Package Installation in Python and R#

What are the packages pre-installed for every hub?

Procedure for package installation varies across different programming languages. Basic python packages such as numPy, pandas, scikit-learn, matplotlib, etc., are installed across the main Datahub. R hubs supports packages such as shiny, dplyr, tidyR, RSQLlite, etc. However, you can customize the packages for the hubs by requesting them using this template. If you want to check the list of packages installed,

  • You can use the below command for Python,

!pip list
  • You can use the below command for R,

installed.packages()
  • You can check the packages installed in Julia by accessing the Julia Hub

Note

Here is the list of Python packages installed in datahub.berkeley.edu. Here is the list of R packages installed in datahub.berkeley.edu. Here is the list of Julia packages installed in datahub.berkeley.edu.

What should I do if I want to install more packages?

  • Use your datahub instance to install the required version of the package. Self installation of packages in your instanceof hub is a temporary measure to identify dependencies. If you require a permanent solution then you need to request us to install the required package(s) in your hub.

  • If you want to install packages for Python in your instance, then use the following syntax,

pip install <package-name>
Eg: pip install numpy
  • If you want to install packages for R in your instance, then use the following syntax,

install.packages("<package-name>")
install.packages("ggplot2")
  • Check if there are specific dependencies for the installed package. Highlight the package name along with their version and dependencies as part of your request.

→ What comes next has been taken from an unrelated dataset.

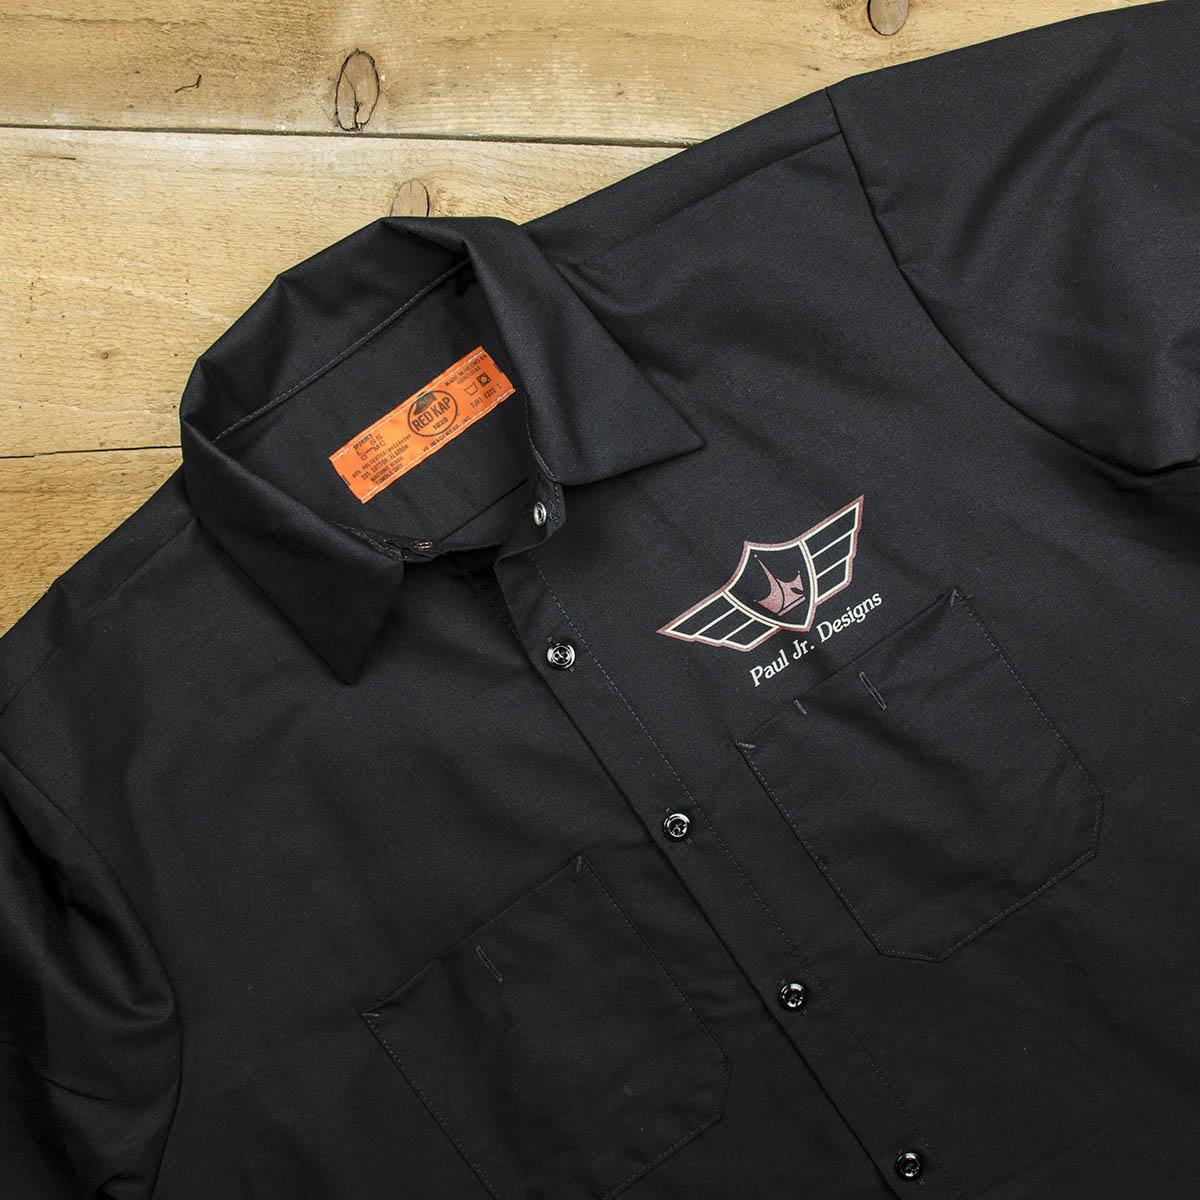 Retro Work Shirt Paul Jr Designs

  • Raise a request using this template!

Pre-installed Packages#

Many Python packages have been pre-installed on JupyterHub and are available by default. This file on GitHub contains a list of all the packages (and corresponding versions) that are available by default. To use a pre-installed package such as numpy, you can simply type the line below into a code cell.

import numpy

Installing New Packages#

You can also install other packages that are not on this list. There are two methods for installation. If you will be using a package regularly in your course, we recommend using the long-term installation method.

Temporary Installation#

Notebooks provide support for bash commands in code cells. The line below, when run in a notebook code cell, will temporarily install numpy into a user’s personal account. numpy will then be available for use while the server is running. This cell must be run every time the user’s server is restarted. Note, this is not a system-wide installation. Running the below cells will only install numpy and ggplot2 temporarily into a user’s personal account.

!pip install numpy
import numpy
install.packages("ggplot2")
library("ggplot2")

Long-term installation#

This is the recommended method for packages that will be used frequently.

Our JupyterHub is deployed from the berkeley-dsep-infra/datahub GitHub repository. The staging branch reflects the state of the staging hub while the prod branch reflects the state of the production hub.

To request additional libraries in the user environment,, create an issue on the GitHub repo for DataHub (linked above); make sure to use the “DataHub Package Addition / Change Request” template.

On reproducibility#

Make sure to specify a version for any library you install. If you do not, it is likely that the deployment process will break at some point during the semester. Omitting a version will not enable the user environment to always have the latest version – it will only have the latest version that existed on the date that CI process runs. If you want to use an unreleased version of a library, specify the corresponding git SHA of that library’s repository.